## DIRECTIONS
Give back all of the data exactly. Leave nothing out.

## SOURCE DATA
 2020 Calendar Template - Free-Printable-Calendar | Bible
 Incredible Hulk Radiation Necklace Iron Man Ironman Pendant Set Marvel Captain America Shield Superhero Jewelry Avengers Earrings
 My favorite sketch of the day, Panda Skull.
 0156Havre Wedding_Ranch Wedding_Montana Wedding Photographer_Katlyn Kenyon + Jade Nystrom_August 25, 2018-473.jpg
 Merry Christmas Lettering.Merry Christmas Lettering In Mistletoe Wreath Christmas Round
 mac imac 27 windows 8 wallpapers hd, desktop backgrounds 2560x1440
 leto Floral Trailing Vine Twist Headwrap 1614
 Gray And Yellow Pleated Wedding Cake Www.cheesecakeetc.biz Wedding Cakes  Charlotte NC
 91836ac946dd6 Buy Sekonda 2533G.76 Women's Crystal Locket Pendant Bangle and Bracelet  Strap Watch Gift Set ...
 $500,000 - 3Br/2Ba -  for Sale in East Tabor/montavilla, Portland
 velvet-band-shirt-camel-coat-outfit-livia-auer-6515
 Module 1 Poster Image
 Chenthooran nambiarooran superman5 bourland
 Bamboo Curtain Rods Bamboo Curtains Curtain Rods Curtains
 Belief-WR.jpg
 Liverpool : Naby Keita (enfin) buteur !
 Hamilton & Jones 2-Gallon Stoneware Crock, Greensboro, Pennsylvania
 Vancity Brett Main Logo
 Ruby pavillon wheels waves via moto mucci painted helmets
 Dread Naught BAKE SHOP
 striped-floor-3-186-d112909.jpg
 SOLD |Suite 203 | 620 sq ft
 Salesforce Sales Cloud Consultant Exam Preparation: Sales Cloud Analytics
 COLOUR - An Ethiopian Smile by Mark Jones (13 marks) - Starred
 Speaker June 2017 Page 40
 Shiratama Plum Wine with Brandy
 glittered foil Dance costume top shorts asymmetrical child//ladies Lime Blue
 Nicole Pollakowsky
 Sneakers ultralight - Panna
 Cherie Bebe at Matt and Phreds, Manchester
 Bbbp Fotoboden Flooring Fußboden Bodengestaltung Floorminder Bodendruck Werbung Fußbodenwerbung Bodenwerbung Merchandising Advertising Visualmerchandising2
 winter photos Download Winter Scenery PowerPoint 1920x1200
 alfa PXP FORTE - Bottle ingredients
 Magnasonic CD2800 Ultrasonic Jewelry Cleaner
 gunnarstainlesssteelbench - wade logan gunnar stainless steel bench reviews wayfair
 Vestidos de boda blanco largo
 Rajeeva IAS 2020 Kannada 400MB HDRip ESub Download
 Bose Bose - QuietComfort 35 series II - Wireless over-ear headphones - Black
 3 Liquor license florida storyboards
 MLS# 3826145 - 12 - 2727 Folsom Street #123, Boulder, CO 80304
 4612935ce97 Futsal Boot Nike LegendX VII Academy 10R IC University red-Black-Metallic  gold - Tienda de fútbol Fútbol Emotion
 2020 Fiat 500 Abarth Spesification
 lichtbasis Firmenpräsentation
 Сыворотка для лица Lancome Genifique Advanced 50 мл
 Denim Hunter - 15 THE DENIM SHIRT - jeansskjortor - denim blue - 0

## RESULT
 2020 Calendar Template - Free-Printable-Calendar | Bible
 Incredible Hulk Radiation Necklace Iron Man Ironman Pendant Set Marvel Captain America Shield Superhero Jewelry Avengers Earrings
 My favorite sketch of the day, Panda Skull.
 0156Havre Wedding_Ranch Wedding_Montana Wedding Photographer_Katlyn Kenyon + Jade Nystrom_August 25, 2018-473.jpg
 Merry Christmas Lettering.Merry Christmas Lettering In Mistletoe Wreath Christmas Round
 mac imac 27 windows 8 wallpapers hd, desktop backgrounds 2560x1440
 leto Floral Trailing Vine Twist Headwrap 1614
 Gray And Yellow Pleated Wedding Cake Www.cheesecakeetc.biz Wedding Cakes  Charlotte NC
 91836ac946dd6 Buy Sekonda 2533G.76 Women's Crystal Locket Pendant Bangle and Bracelet  Strap Watch Gift Set ...
 $500,000 - 3Br/2Ba -  for Sale in East Tabor/montavilla, Portland
 velvet-band-shirt-camel-coat-outfit-livia-auer-6515
 Module 1 Poster Image
 Chenthooran nambiarooran superman5 bourland
 Bamboo Curtain Rods Bamboo Curtains Curtain Rods Curtains
 Belief-WR.jpg
 Liverpool : Naby Keita (enfin) buteur !
 Hamilton & Jones 2-Gallon Stoneware Crock, Greensboro, Pennsylvania
 Vancity Brett Main Logo
 Ruby pavillon wheels waves via moto mucci painted helmets
 Dread Naught BAKE SHOP
 striped-floor-3-186-d112909.jpg
 SOLD |Suite 203 | 620 sq ft
 Salesforce Sales Cloud Consultant Exam Preparation: Sales Cloud Analytics
 COLOUR - An Ethiopian Smile by Mark Jones (13 marks) - Starred
 Speaker June 2017 Page 40
 Shiratama Plum Wine with Brandy
 glittered foil Dance costume top shorts asymmetrical child//ladies Lime Blue
 Nicole Pollakowsky
 Sneakers ultralight - Panna
 Cherie Bebe at Matt and Phreds, Manchester
 Bbbp Fotoboden Flooring Fußboden Bodengestaltung Floorminder Bodendruck Werbung Fußbodenwerbung Bodenwerbung Merchandising Advertising Visualmerchandising2
 winter photos Download Winter Scenery PowerPoint 1920x1200
 alfa PXP FORTE - Bottle ingredients
 Magnasonic CD2800 Ultrasonic Jewelry Cleaner
 gunnarstainlesssteelbench - wade logan gunnar stainless steel bench reviews wayfair
 Vestidos de boda blanco largo
 Rajeeva IAS 2020 Kannada 400MB HDRip ESub Download
 Bose Bose - QuietComfort 35 series II - Wireless over-ear headphones - Black
 3 Liquor license florida storyboards
 MLS# 3826145 - 12 - 2727 Folsom Street #123, Boulder, CO 80304
 4612935ce97 Futsal Boot Nike LegendX VII Academy 10R IC University red-Black-Metallic  gold - Tienda de fútbol Fútbol Emotion
 2020 Fiat 500 Abarth Spesification
 lichtbasis Firmenpräsentation
 Сыворотка для лица Lancome Genifique Advanced 50 мл
 Denim Hunter - 15 THE DENIM SHIRT - jeansskjortor - denim blue - 0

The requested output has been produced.